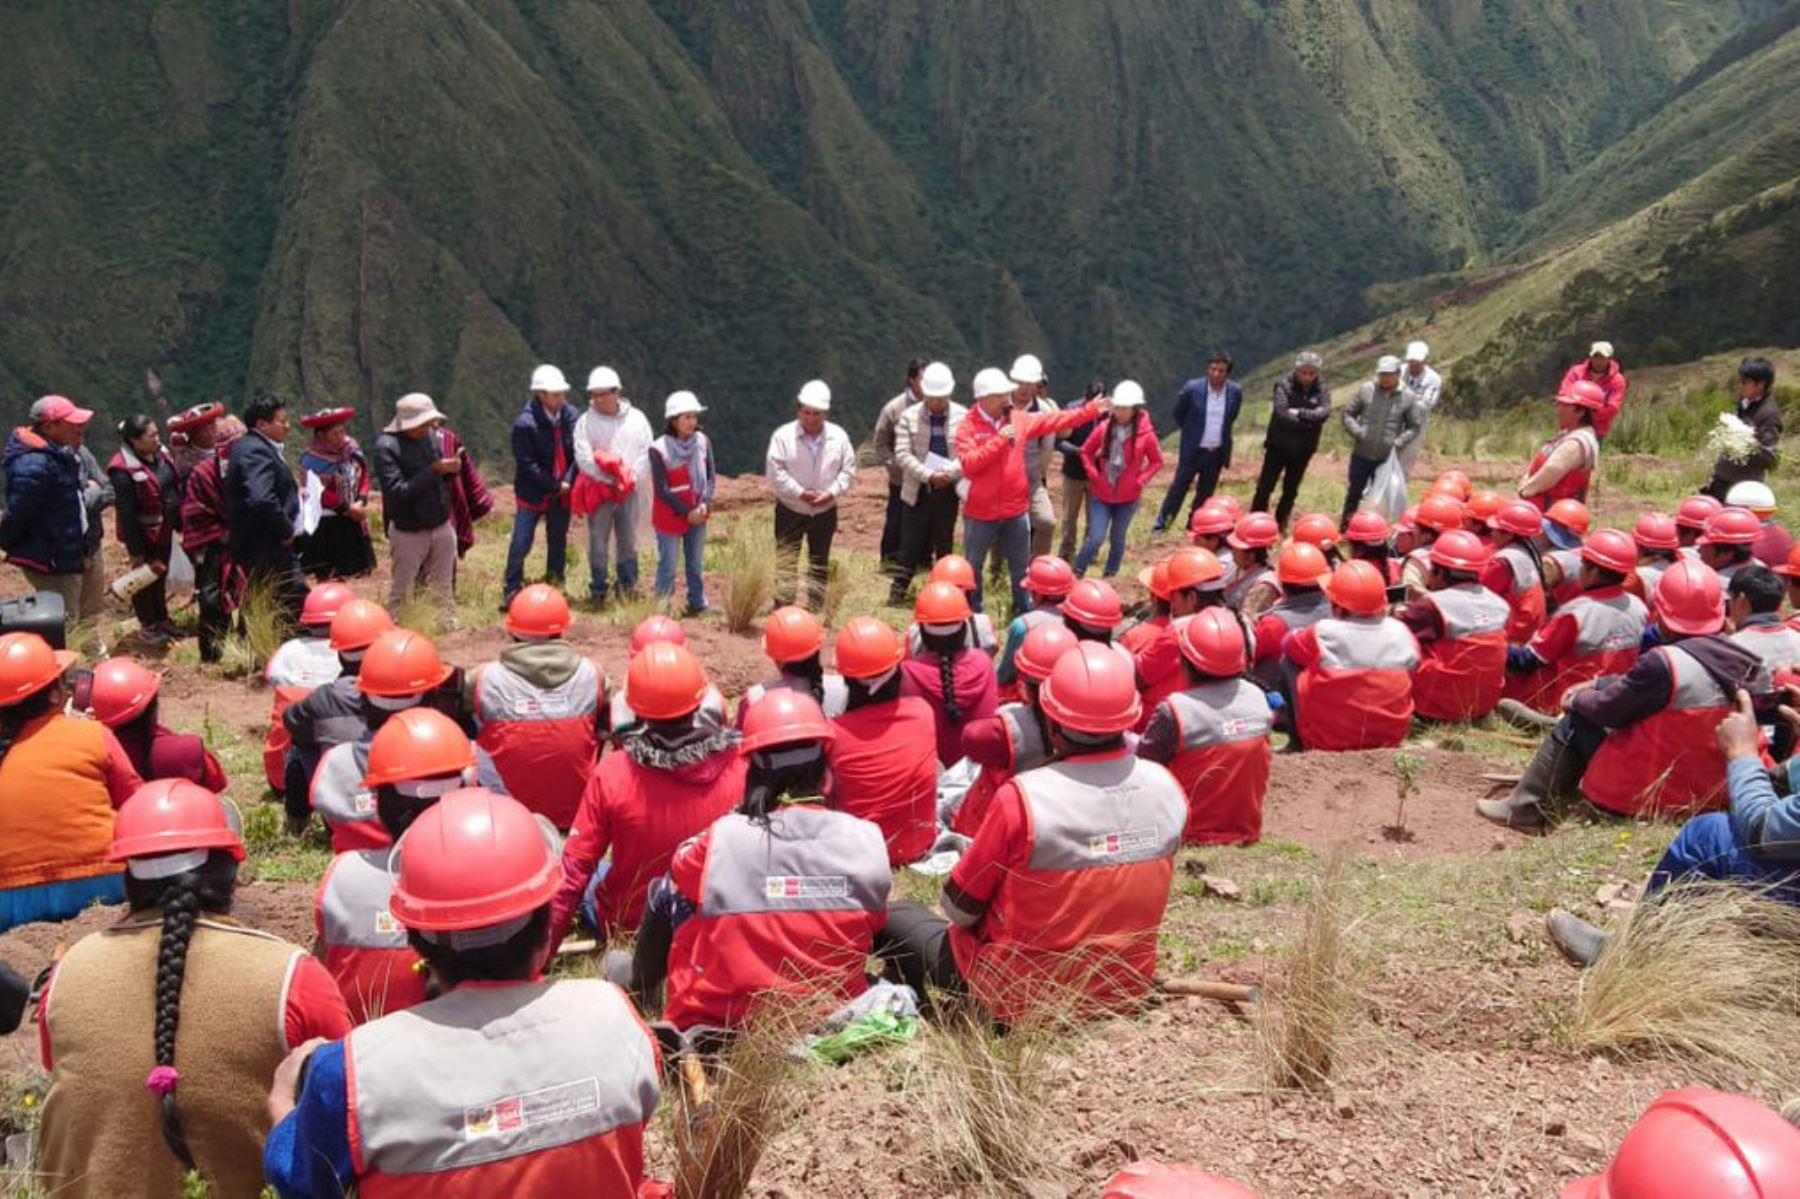 Campesinos de distrito de Chinchero, Cusco, se benefician con 120 empleos temporales.
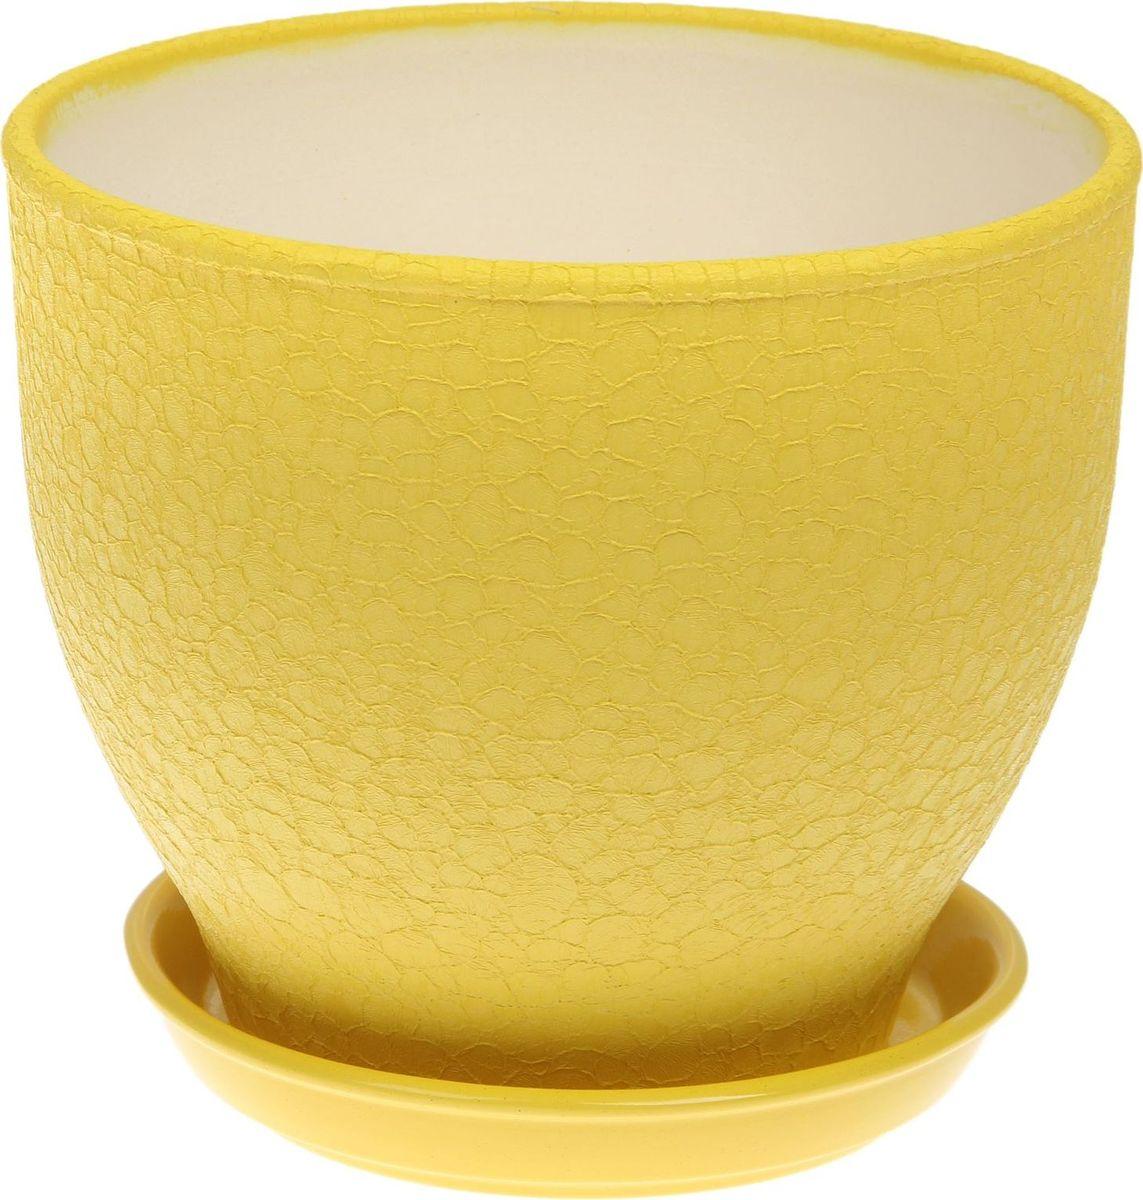 Кашпо Керамика ручной работы Виктор, цвет: желтый, 4 л1489660Комнатные растения — всеобщие любимцы. Они радуют глаз, насыщают помещение кислородом и украшают пространство. Каждому из них необходим свой удобный и красивый дом. Кашпо из керамики прекрасно подходят для высадки растений: за счёт пластичности глины и разных способов обработки существует великое множество форм и дизайновпористый материал позволяет испаряться лишней влагевоздух, необходимый для дыхания корней, проникает сквозь керамические стенки! #name# позаботится о зелёном питомце, освежит интерьер и подчеркнёт его стиль.
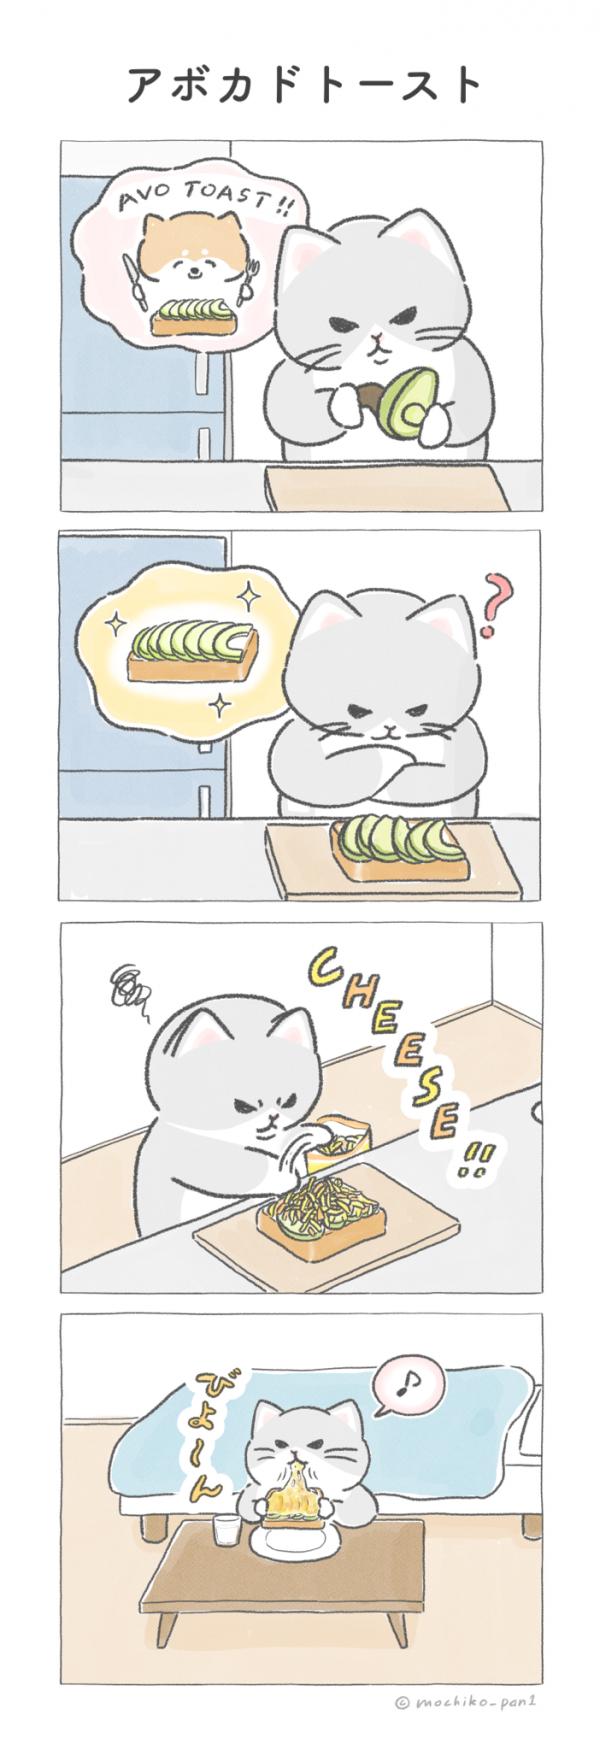 【四コマ漫画】vol.6「アボカドトースト」|おはよう!おしばと愉快な仲間たち
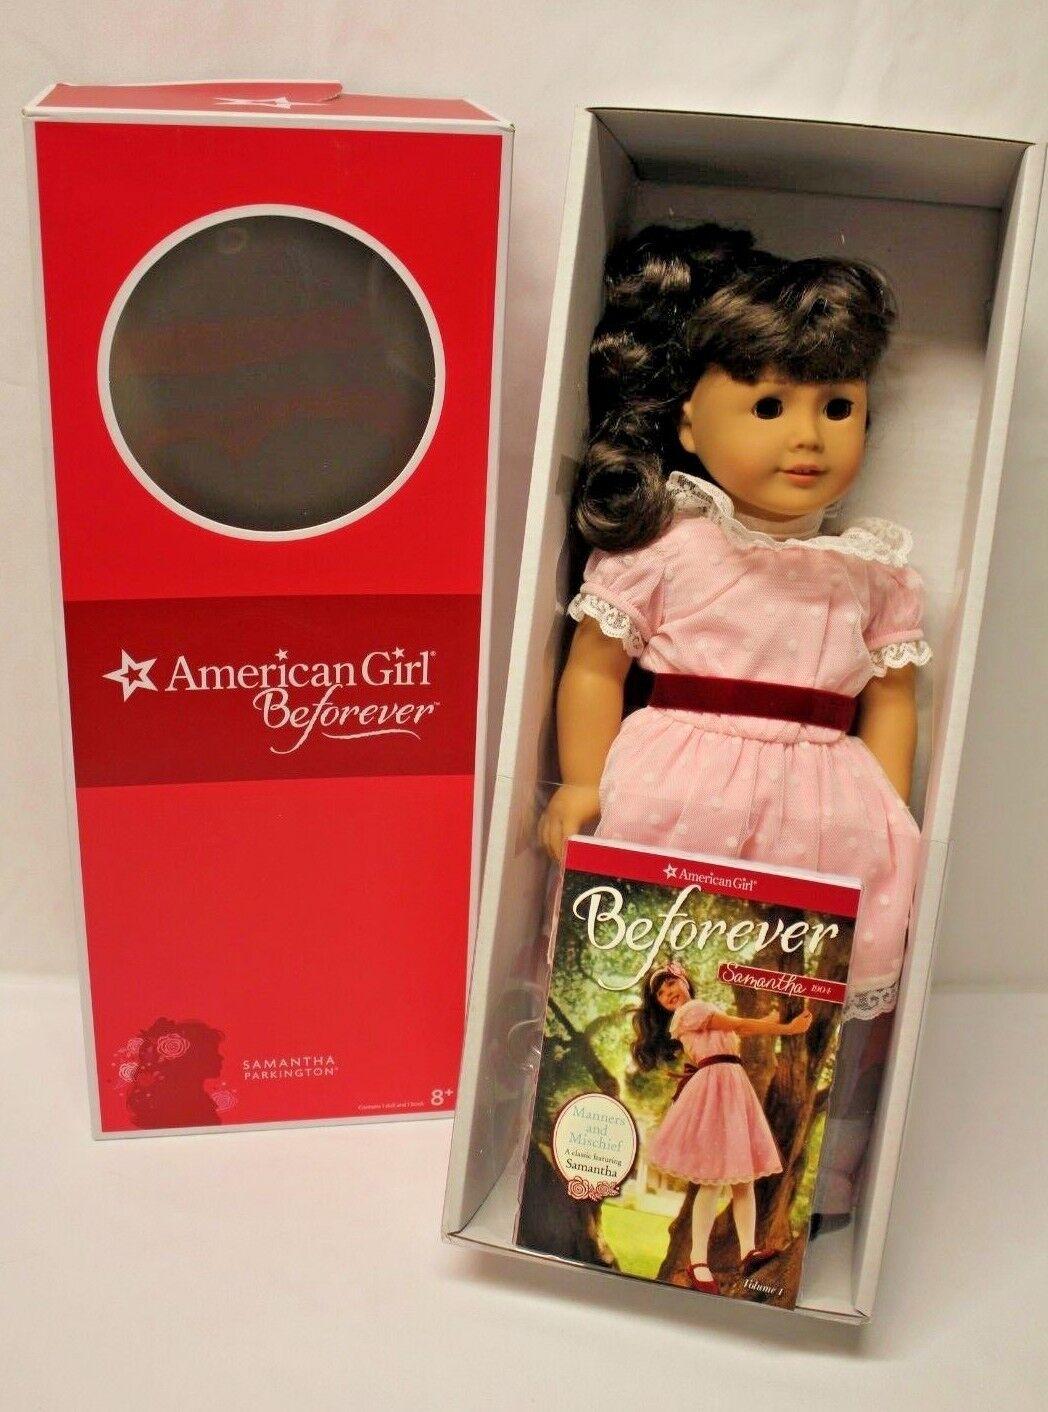 American Girl beforever Samantha 18  Muñeca & Libro (a estrenar en caja)
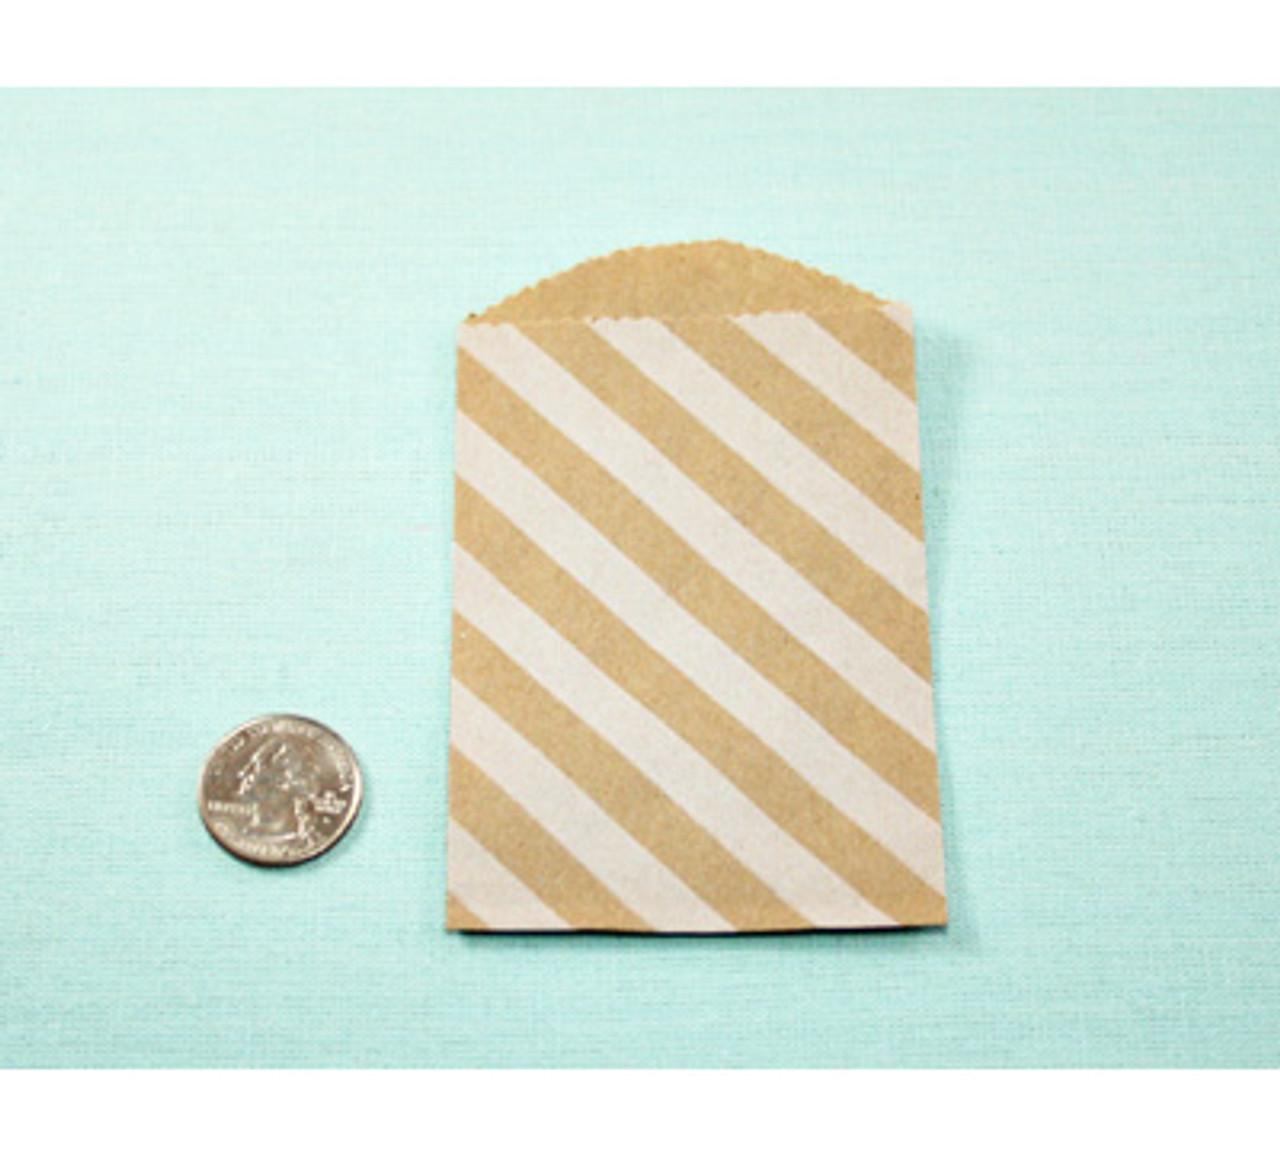 Little White Diagonal Stripe Bags
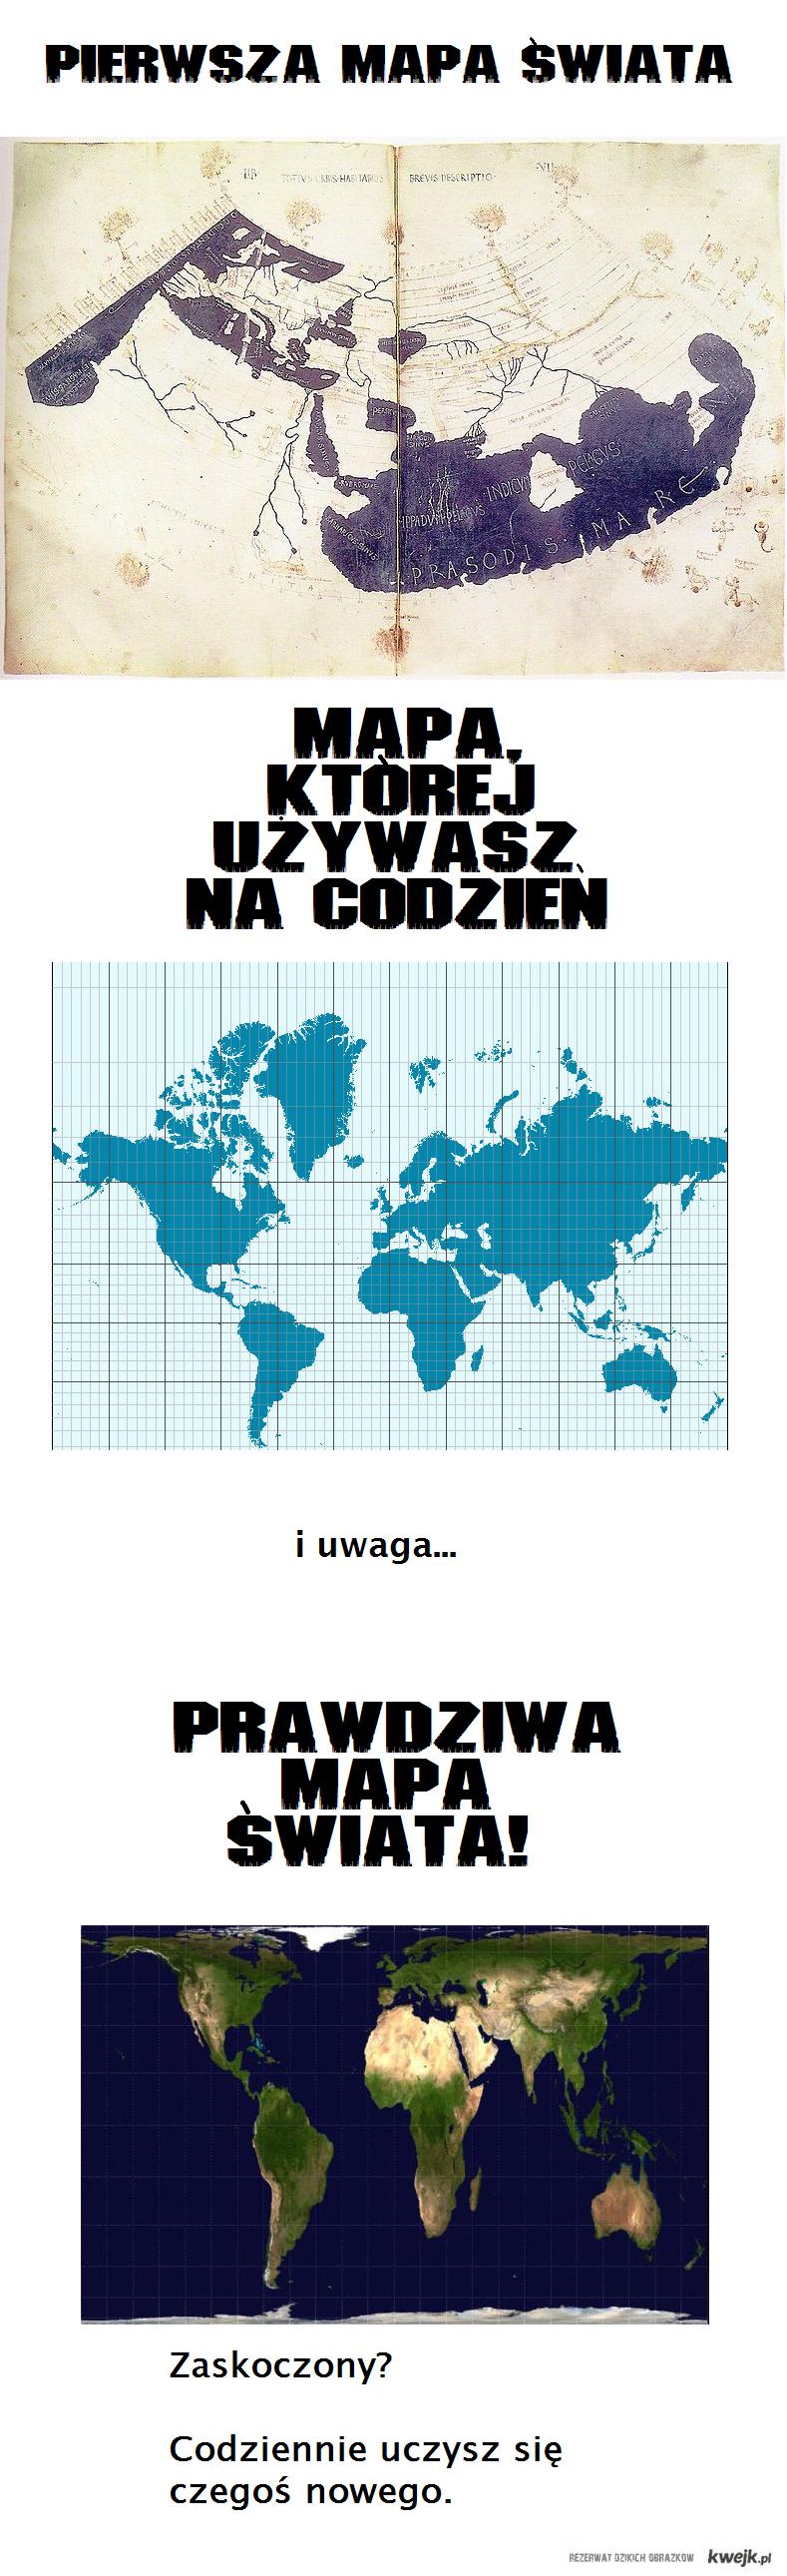 Prawdziwa mapa świata

########

* [Problem to work on]:
Could the data above be reproduced exactly, with the pictures left out?

* [Solution]:
 Campesinos de distrito de Chinchero, Cusco, se benefician con 120 empleos temporales.
 Кашпо Керамика ручной работы Виктор, цвет: желтый, 4 л1489660Комнатные растения — всеобщие любимцы. Они радуют глаз, насыщают помещение кислородом и украшают пространство. Каждому из них необходим свой удобный и красивый дом. Кашпо из керамики прекрасно подходят для высадки растений: за счёт пластичности глины и разных способов обработки существует великое множество форм и дизайновпористый материал позволяет испаряться лишней влагевоздух, необходимый для дыхания корней, проникает сквозь керамические стенки! #name# позаботится о зелёном питомце, освежит интерьер и подчеркнёт его стиль.
 【四コマ漫画】vol.6「アボカドトースト」|おはよう!おしばと愉快な仲間たち
 American Girl beforever Samantha 18  Muñeca & Libro (a estrenar en caja)
 Little White Diagonal Stripe Bags
 Prawdziwa mapa świata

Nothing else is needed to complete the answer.